The House of Saud, the Saudi royal family, has a monarchical history extending back nearly a century. The family's massive fortune, estimated at $95 billion, has grown thanks to decades of payments from the Royal Diwan, the king's executive office. Ties with Saudi Aramco, the world's most profitable company and a behemoth of the oil industry, ensure that the Saudi royal family continues to accumulate wealth. It's difficult to accurately assess the wealth of the House of Saud, in part because the family contains as many as 15,000 extended members, many of whom have founded businesses, received government contracts, and more.

5. Ambani Family - Reliance Industries

Estimated Wealth: $81.3 billion

Indian industrial conglomerate Reliance Industries, the only Asian company on our list, can be the least well known to average readers. Nevertheless, CEO Mukesh Ambani, whose late father founded the company in 1957, is 21st on Forbes's billionaire list, overseeing the company’s refining, petrochemicals, oil, gas, and textiles; his brother, Anil, manages telecommunications, asset management, entertainment, and power generation. 

6. Dumas Family - Hermès

Estimated Wealth: $63.9 billion

French fashion house and luxury purveyor Hermès has dazzled the world with its signature scarves, neckties, and perfumes, as well as its iconic Kelly and Birkin handbags. Back in the 19th century, Thierry Hermès fashioned riding apparel for the aristocracy. Today, the company adorns basketball royalty, LeBron James. Fusing old school and new technology, a line of Hermès Apple Watches sells for $1,300 to $2,000 and up apiece. Axel Dumas currently serves as the company's CEO and chairman, and Pierre-Alexis Dumas is the artistic director.

7. Wertheimer Family - Chanel

Estimated Wealth: $54.4 billion

French high fashion house Chanel is legendary for the timeless “little black dress,” the No. 5 perfume, and the deceased, high-profile designer Karl Lagerfeld, who died on Feb. 19, 2019. Brothers Alan and Gerhard Wertheimer now co-own the company that their grandfather staked with founder Gabrielle Coco Chanel.
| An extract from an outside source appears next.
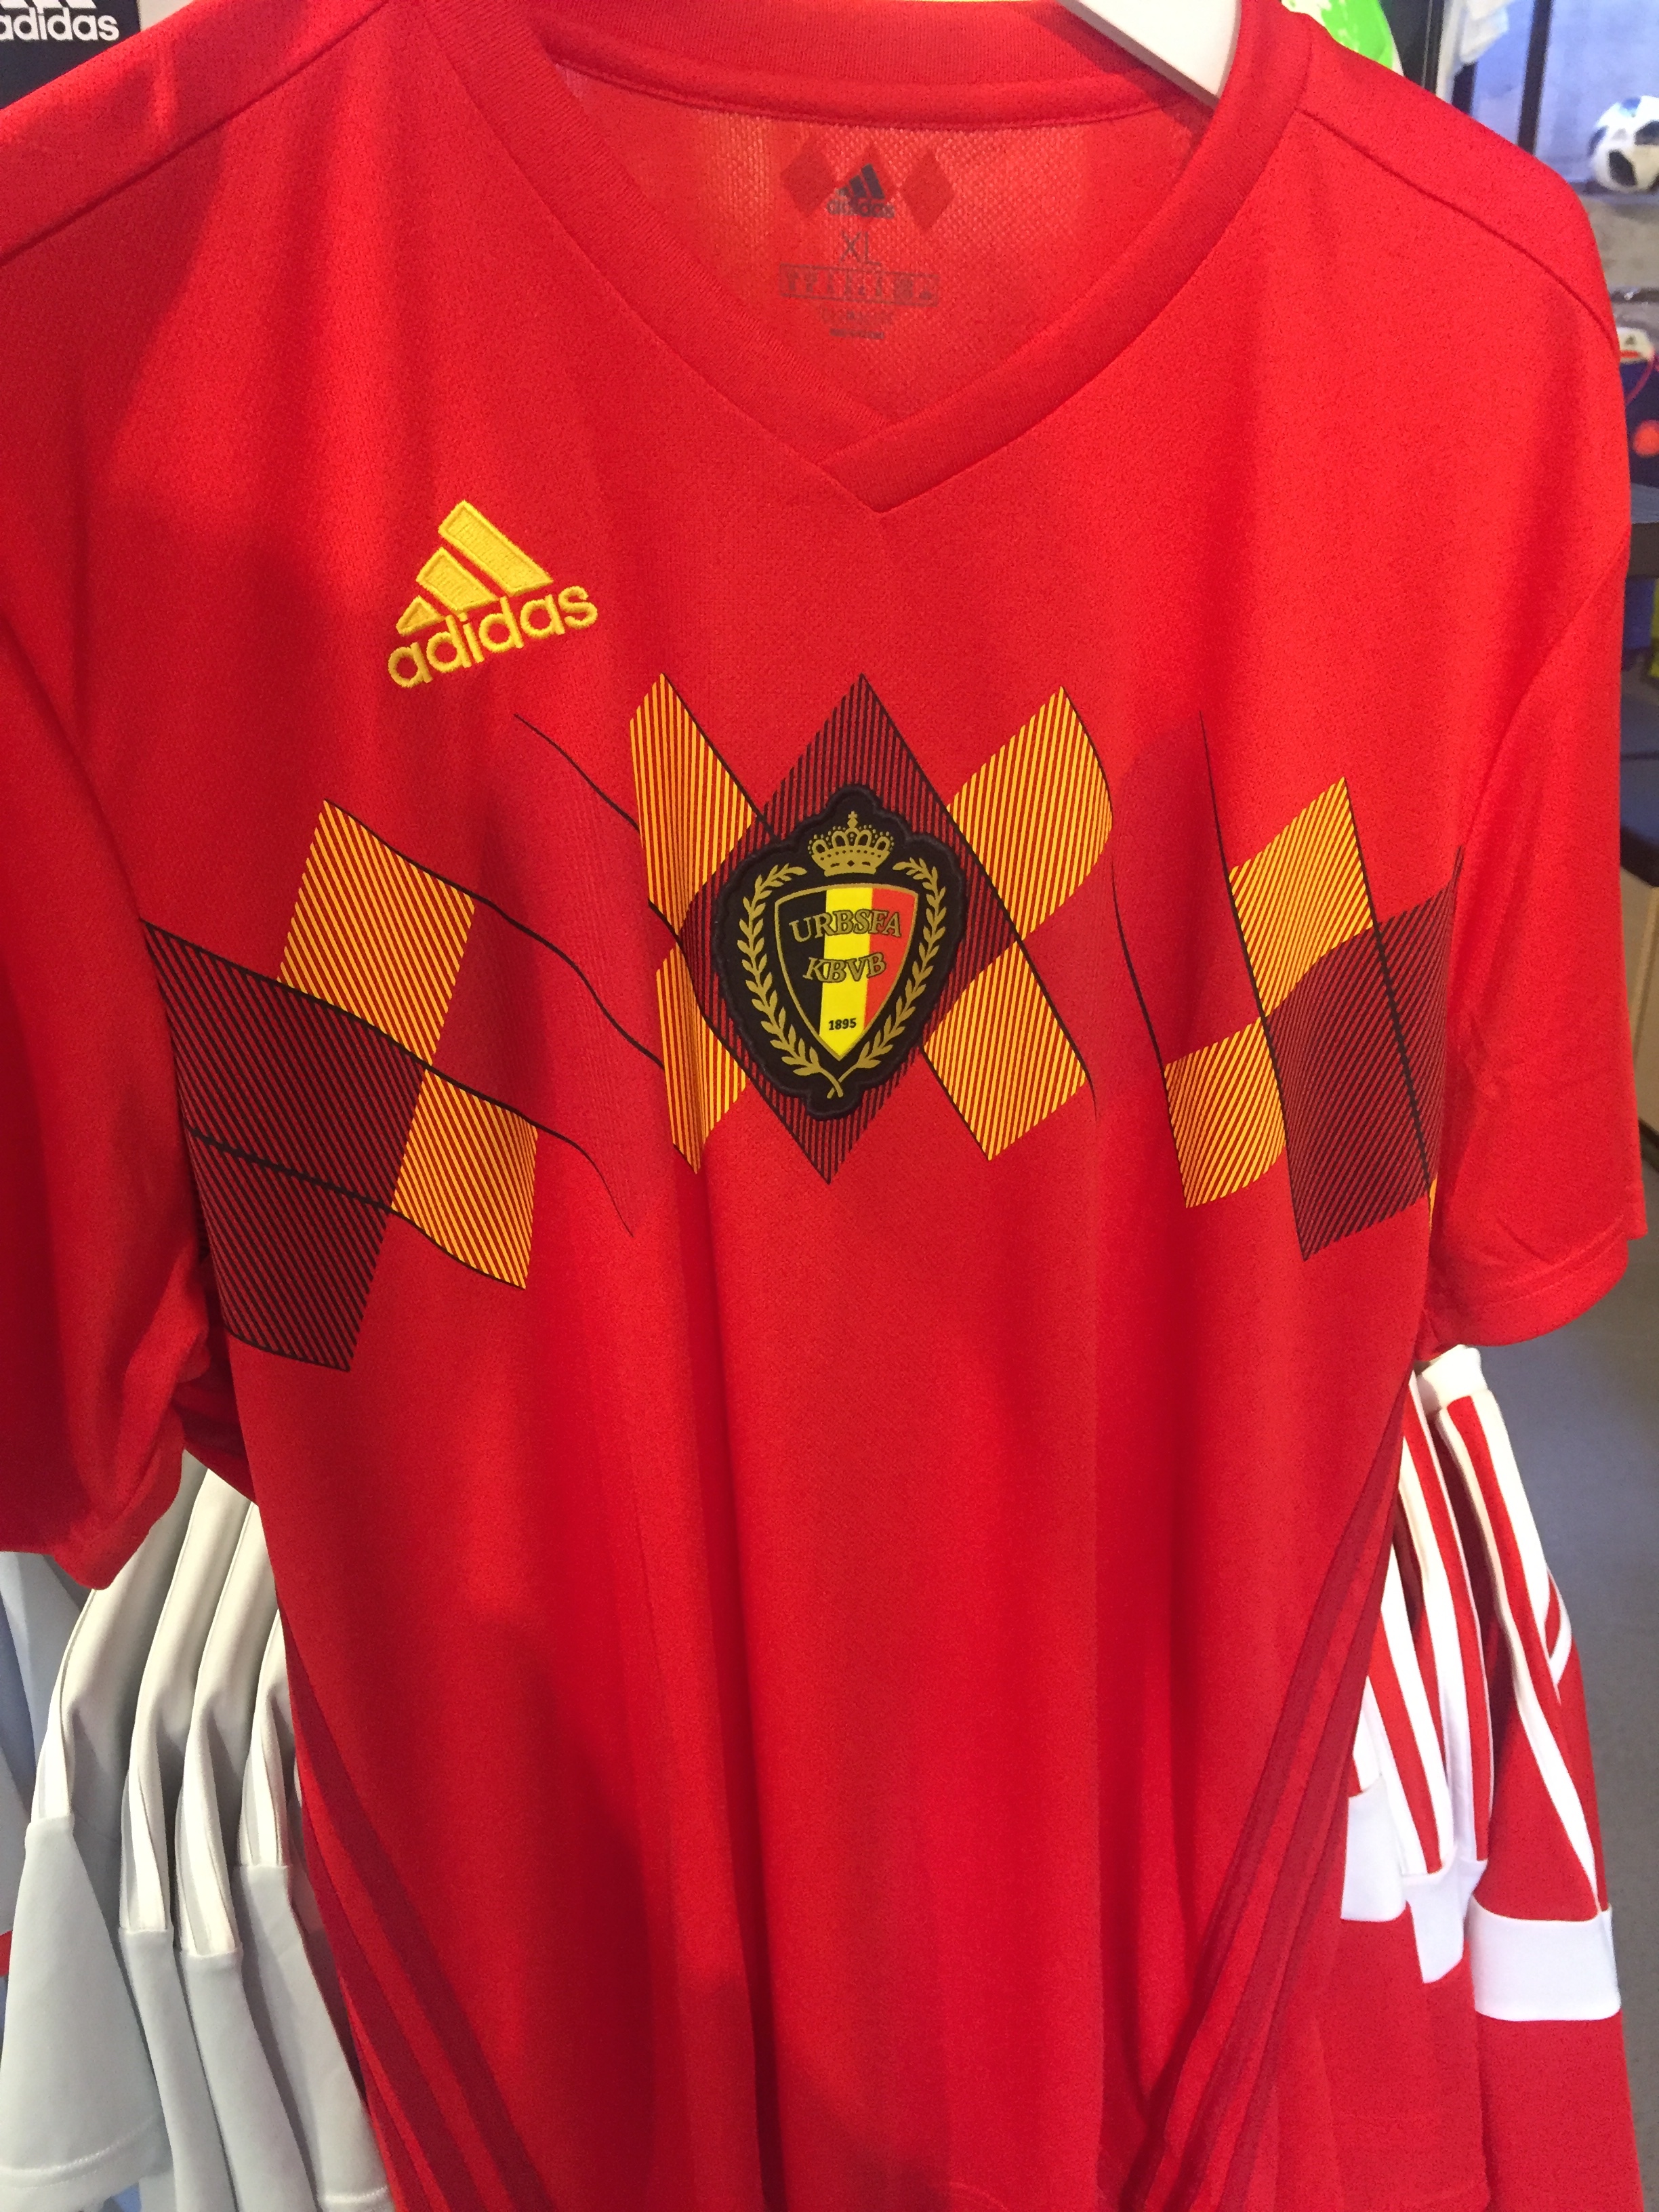 belgium home jersey

The brothers are both ranked at #48 on the Forbes billionaire list with a net worth of $17 billion each.

8. Johnson Family - Fidelity Investments

Estimated Wealth: $46.3 billion

Fidelity Investments was founded by Edward C. Johnson II in 1946 and is one of the largest financial services firms in the world, providing investment services to millions of people. The firm is now run by Johnson's granddaughter, Abigail Johnson, who ranks at 124 on the Forbes billionaire list at a net worth of $10.8 billion.
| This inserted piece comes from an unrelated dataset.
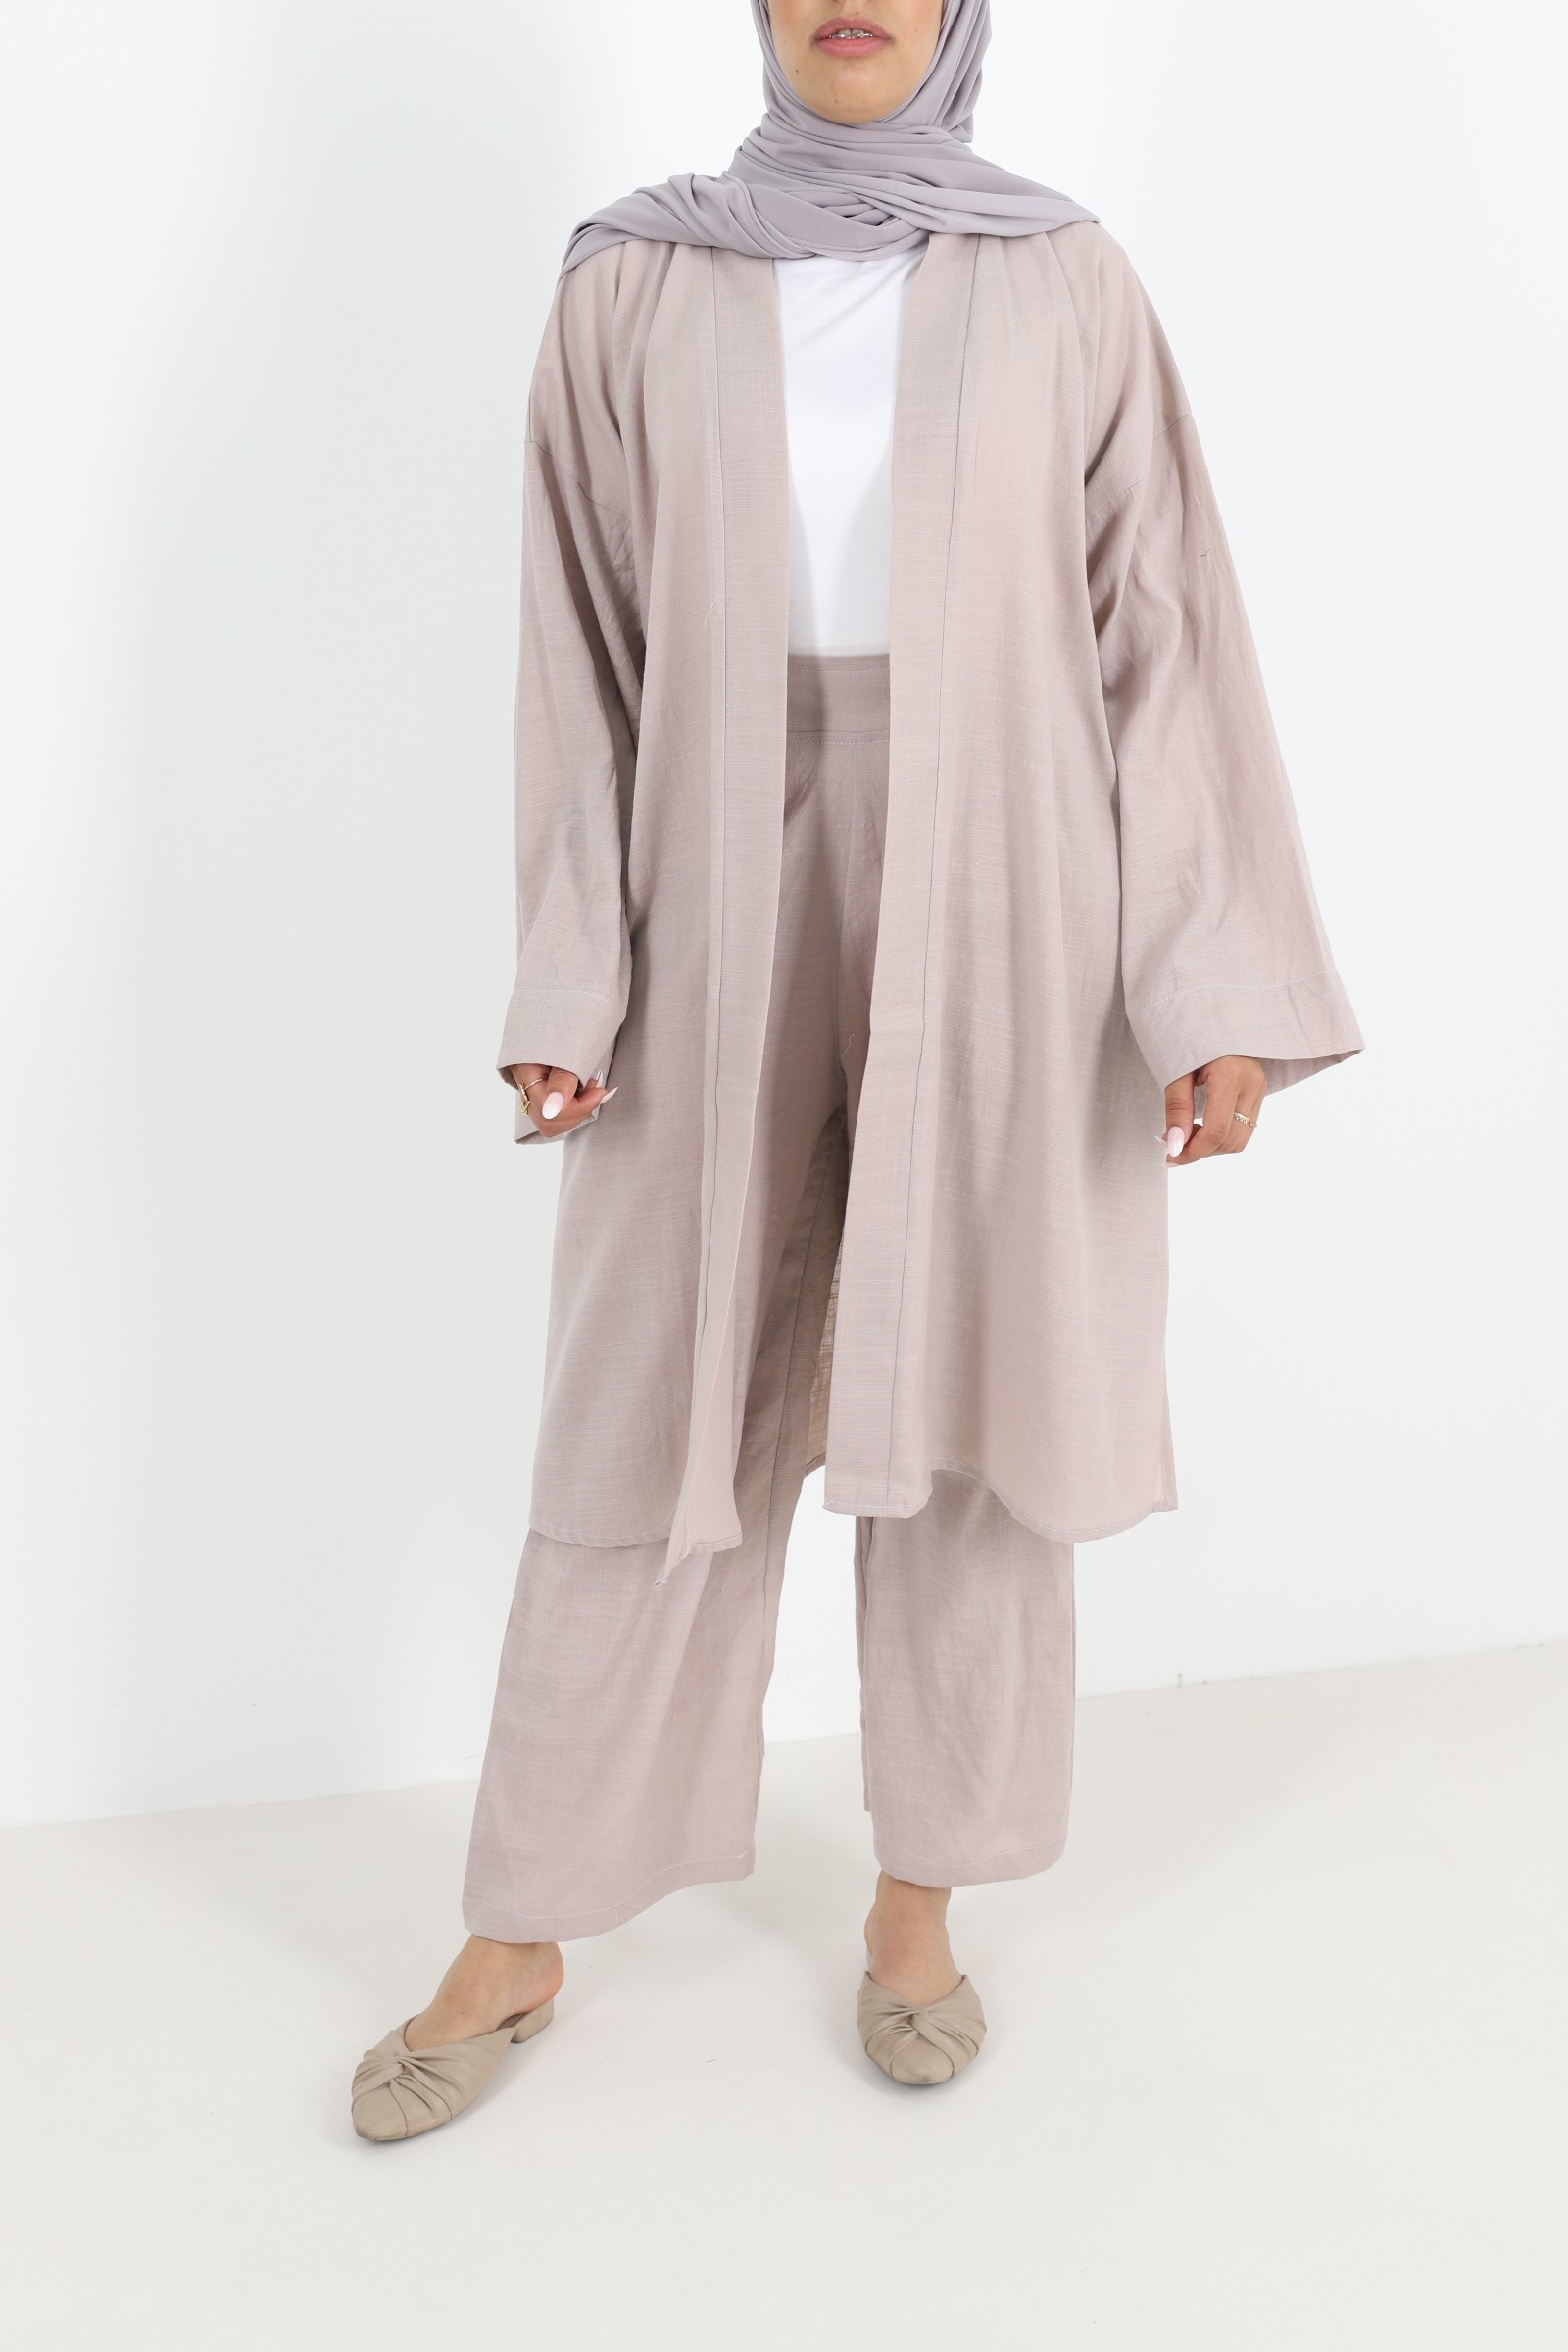 Ensemble pantalon et kimono en lin tenue hijab pour femme musulmane

9. Boehringer, Von Baumbach Families - Boehringer Ingelheim

Estimated Wealth: $45.7 billion

Boehringer Ingelheim is a German pharmaceuticals company with more than 130 years of history. The Boehringer family, along with the Von Baumbachs, remain in control of the company several generations later.

10. Albrecht Family - Aldi

Estimated Wealth: $41 billion

Aldi is an international chain of grocery stores that grew when brothers Brothers Theo and Karl Albrecht began to manage their parent's grocery store after World War II. Aldi also owns the popular American chain of grocery stores, Trader Joe's. Theo Albrecht and family have a net worth of $17 billion and rank at number 51 on the Forbes Billionaire List.

The Bottom Line

Admittedly, this list may read as a naked celebration of wealth at a time of rising global inequality and the vanishing middle class; or an implicit condoning of heedless consumption at a time when the future of wealth itself is in question due to technological disruption and climate change.

Moreover, the focus on families means the list doesn't include the world’s three richest individuals: Musk, Bezos, and Gates, though technically they all have families.